*** Opening of PROVIDED RECORDS ***

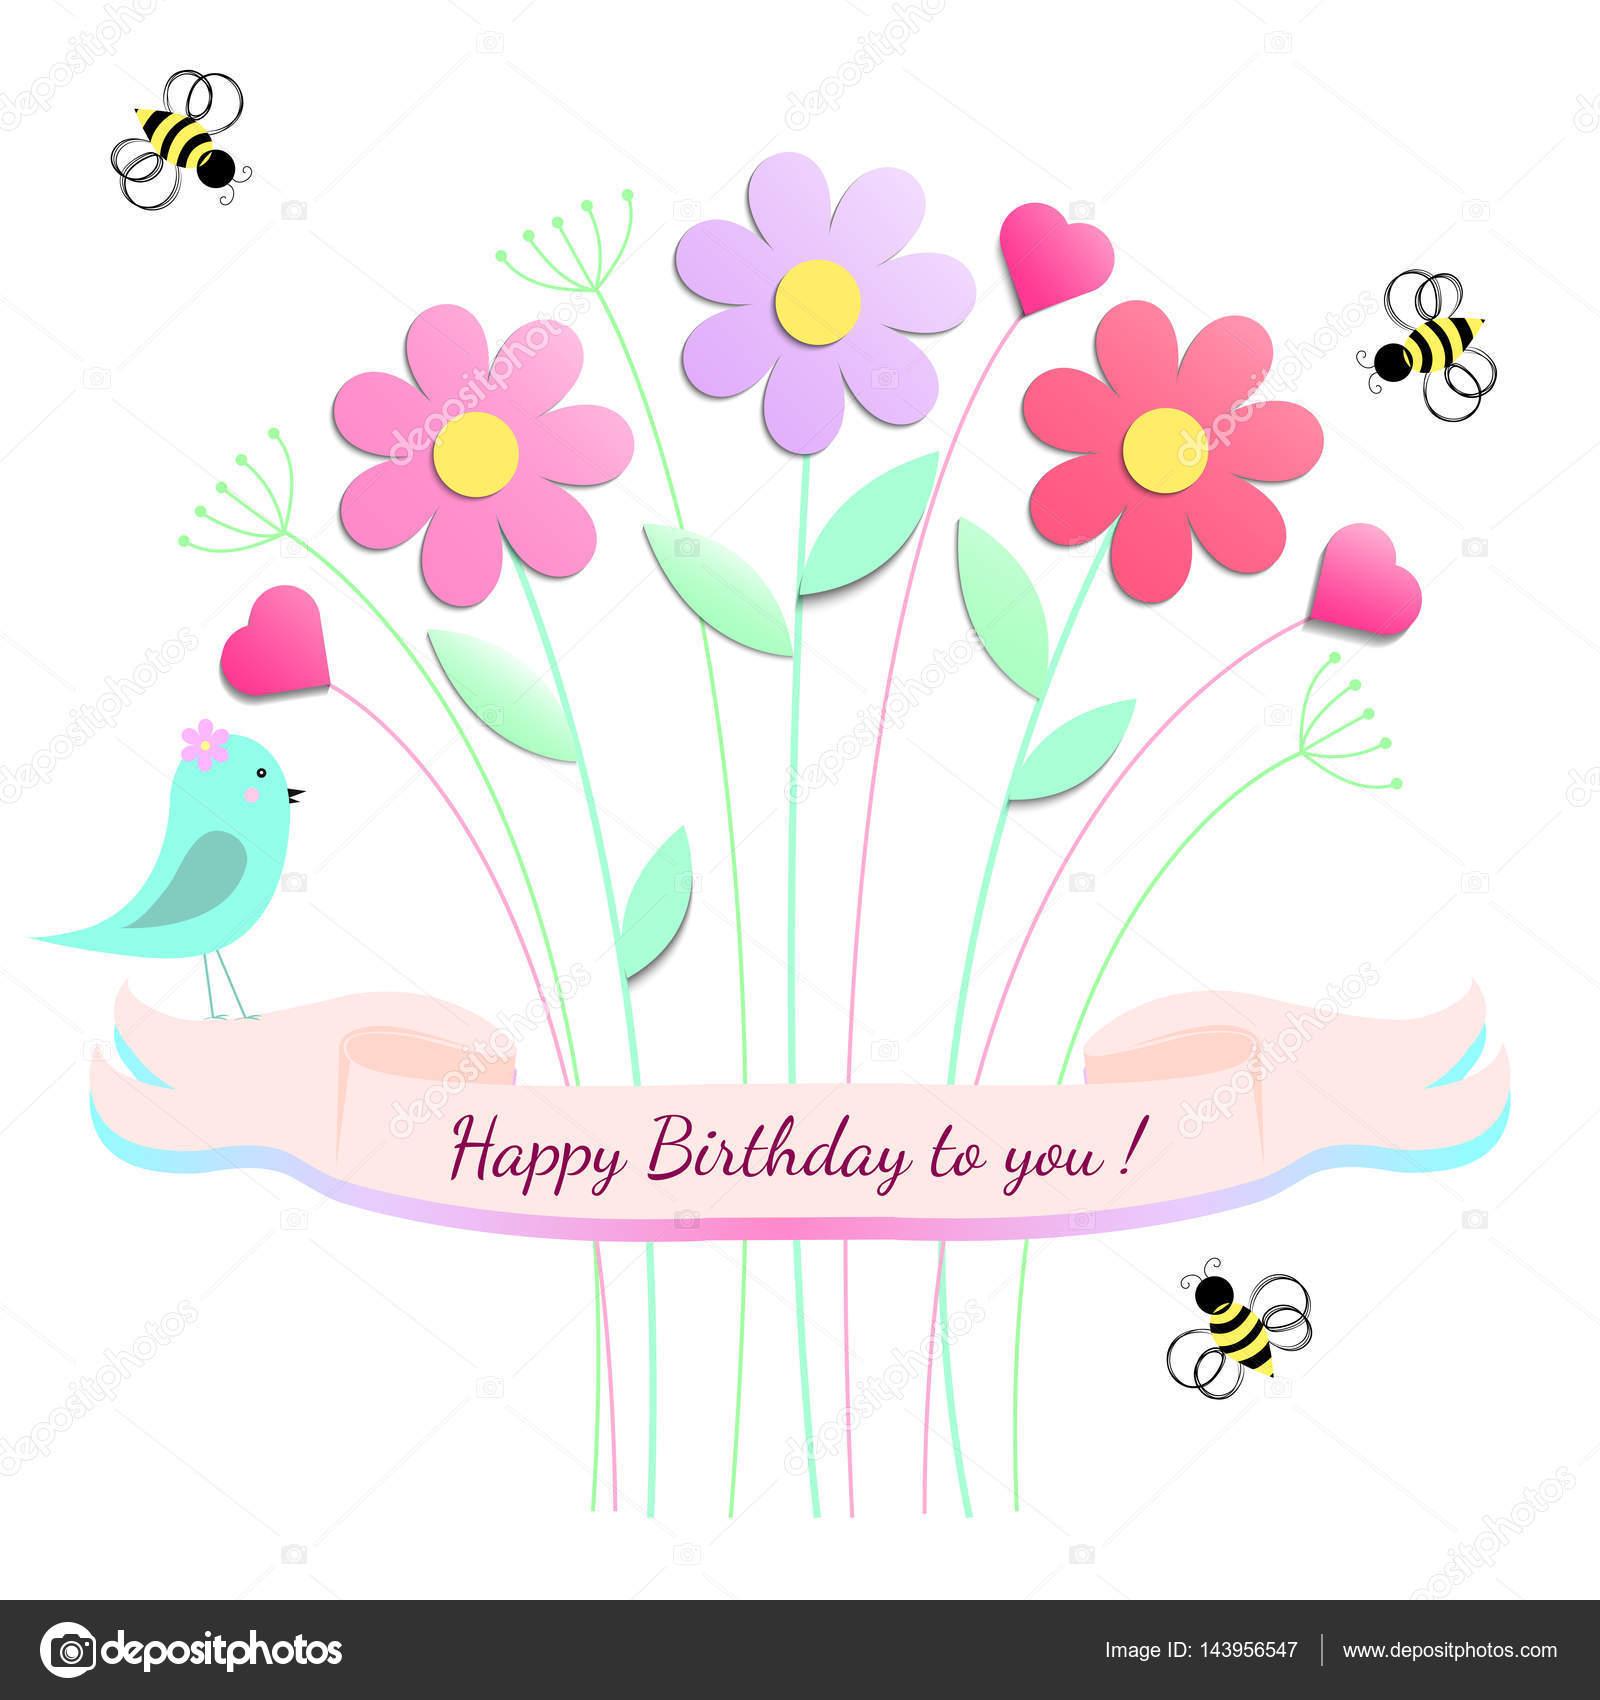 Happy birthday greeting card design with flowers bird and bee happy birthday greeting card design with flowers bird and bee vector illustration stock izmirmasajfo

*** Close of PROVIDED RECORDS ***
*** Opening of PROVIDED RECORDS ***

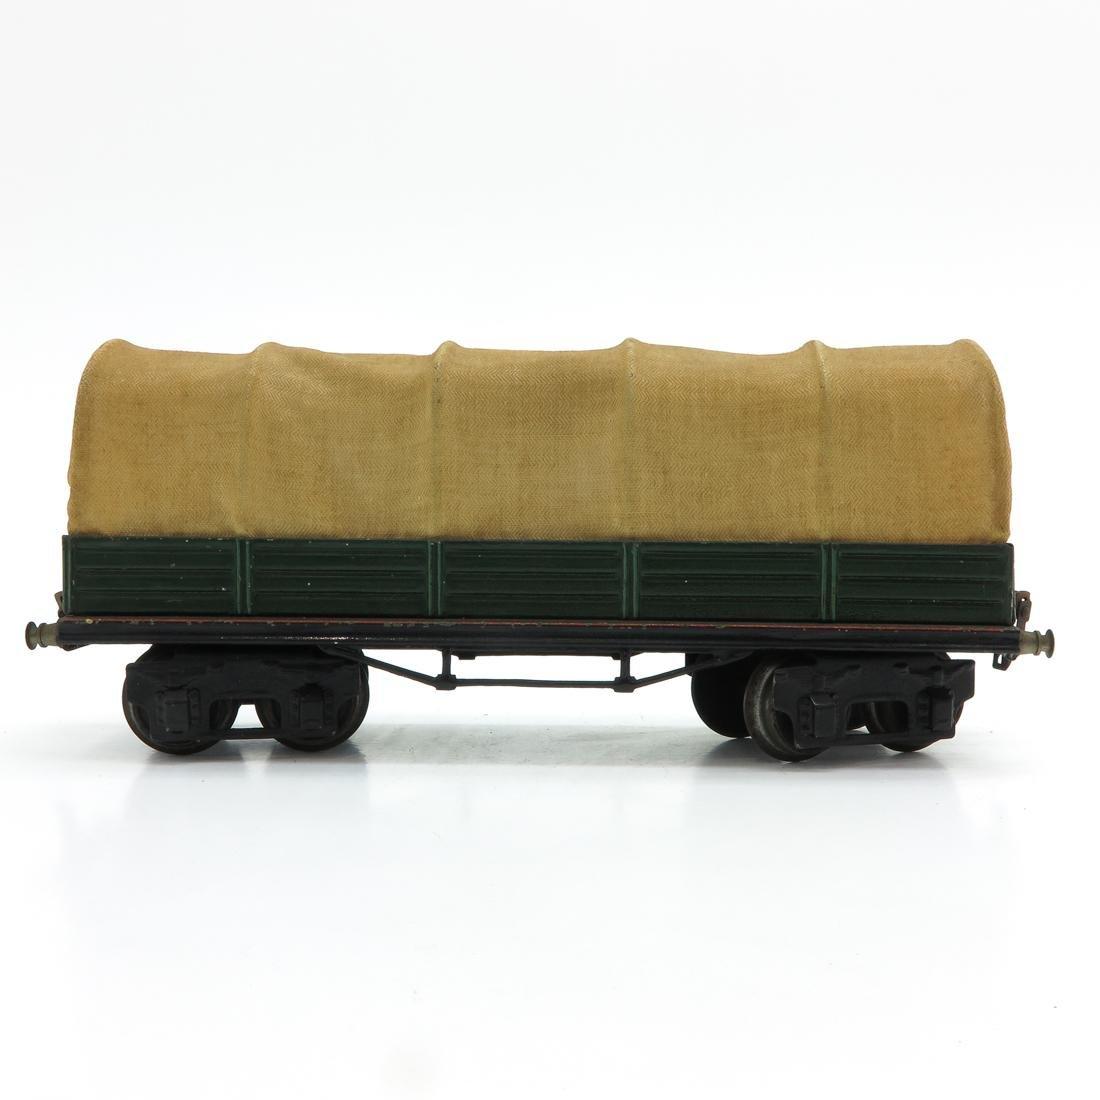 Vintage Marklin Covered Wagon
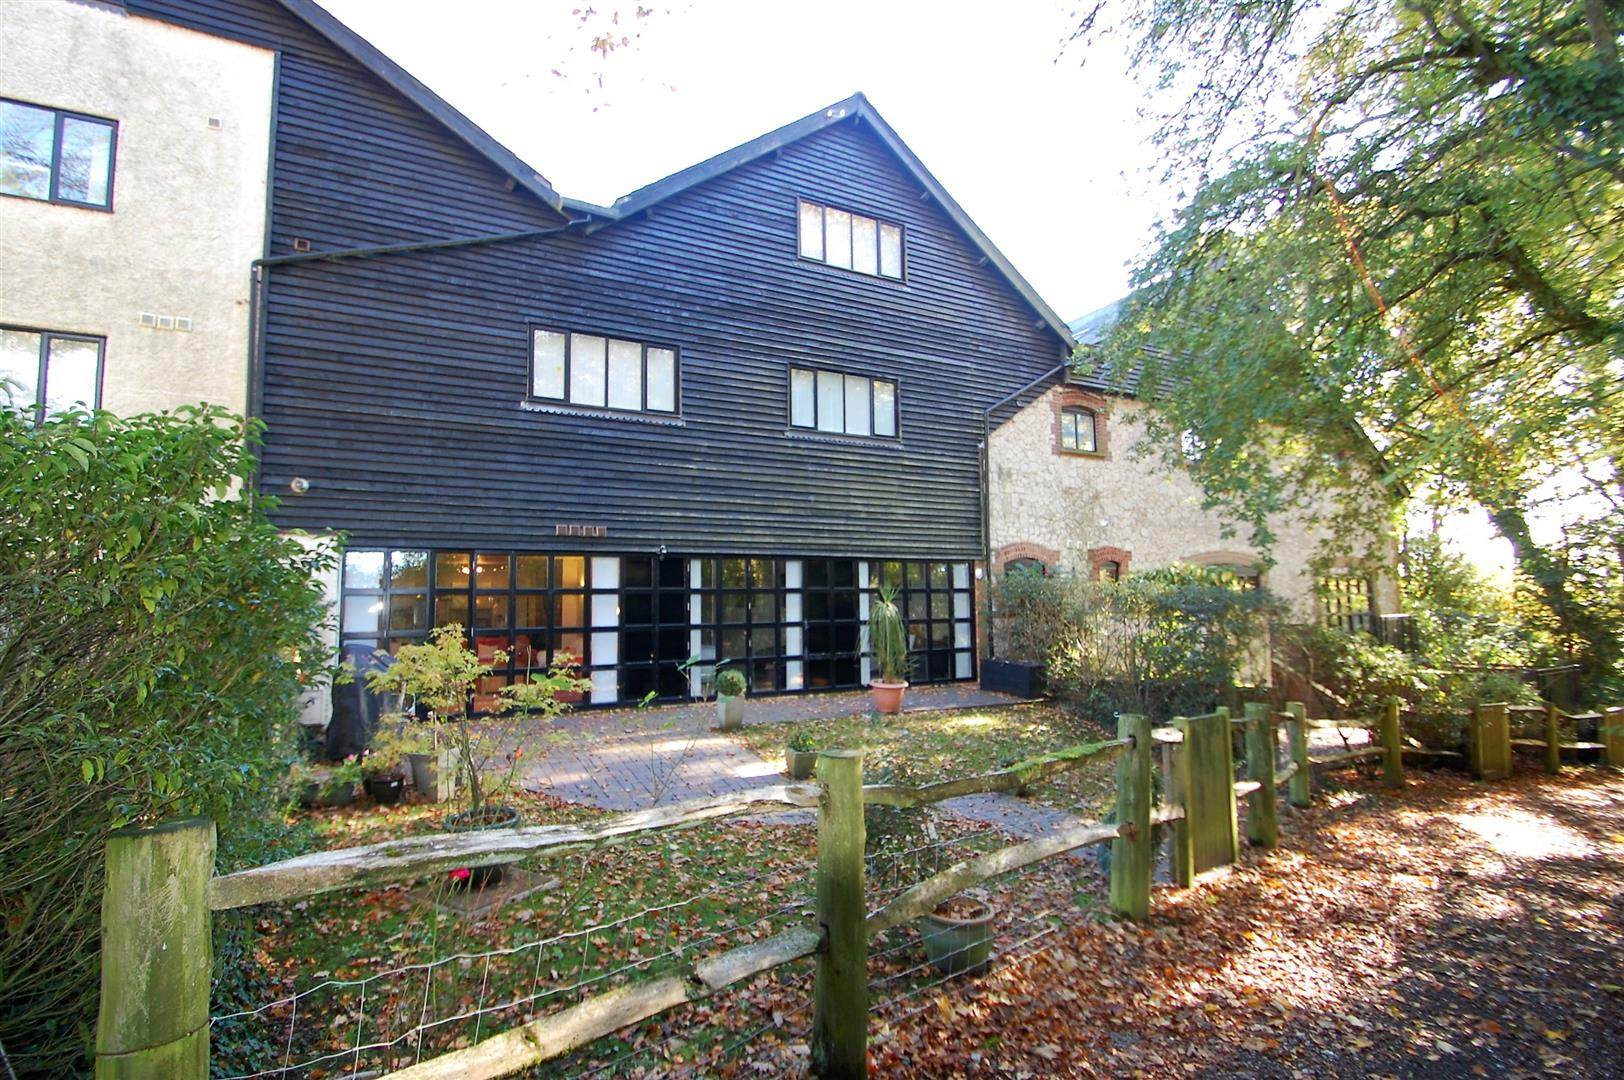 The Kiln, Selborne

*** Close of PROVIDED RECORDS ***

• **EXERCISE PROMPT**
In the listing above, find the line with "Vintage Marklin Covered Wagon" and output every line through the one with "The Kiln, Selborne", exactly, without the pictures.

• **SOLUTION FOR THIS TASK**
 Vintage Marklin Covered Wagon
 The Kiln, Selborne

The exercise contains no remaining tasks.